In the dying days of his premiership, Blair crammed in two summits: a climate-change discussion with the G8 leaders, and an EU summit on the union’s constitution. Everything was fashioned for a glorious farewell and a smooth transition into his new career. In Downing Street, his goodbyes to his staff were genuinely emotional. Buckingham Palace refused
to agree to a dinner for the Queen in Downing Street on his last night, reflecting the monarch’s dislike of the Blairs. Instead, the final piece of razzmatazz saw Blair welcoming Arnold Schwarzenegger for breakfast on his last morning. The governor of California was expected to help his friend earn an income as a global envoy combating climate change.

Just after 11 o’clock, Blair put on the same pair of Church’s brogues he had worn for every Commons question time and headed for the chamber. In his pocket he carried a blank P45 form to wave as evidence of his imminent unemployment.

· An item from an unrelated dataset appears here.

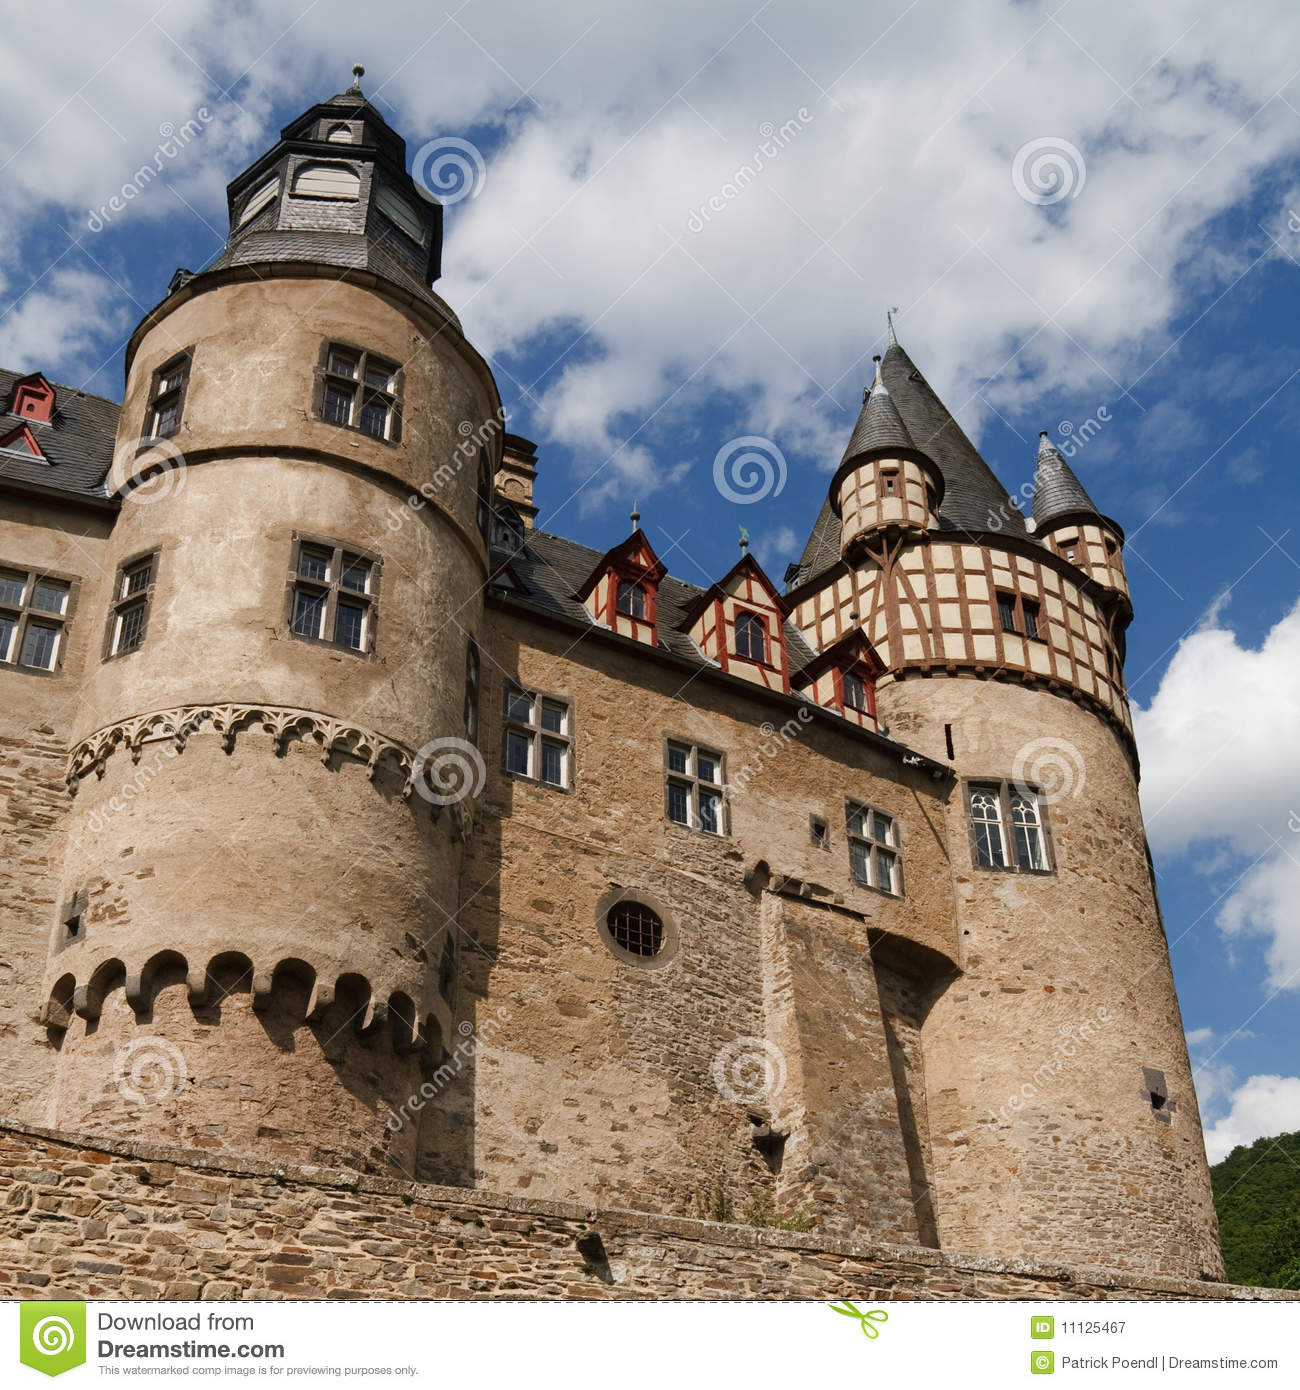 Nice Images Collection: Burresheim Castle Desktop Wallpapers

In an emotional, funny and solemn finale, the astute player paid tribute to the fears and the excitement of the past decade. ‘I can pay the house the greatest compliment I can by saying that, from first to last, I never stopped fearing it. The tingling apprehension that I felt at three minutes to twelve today, I felt as much ten years ago, and every bit as acute.’ With laughter and bathos, one of the great political performers at the Dispatch Box repeatedly bowed to a sceptical but charitable audience. To them, members of the world’s greatest political arena, he offered the final credit amid a trace of tears: ‘If it is on occasions the place of low skulduggery, it is more often the place for the pursuit of noble causes. I wish everyone, friend or foe, well – and that is that. The end.’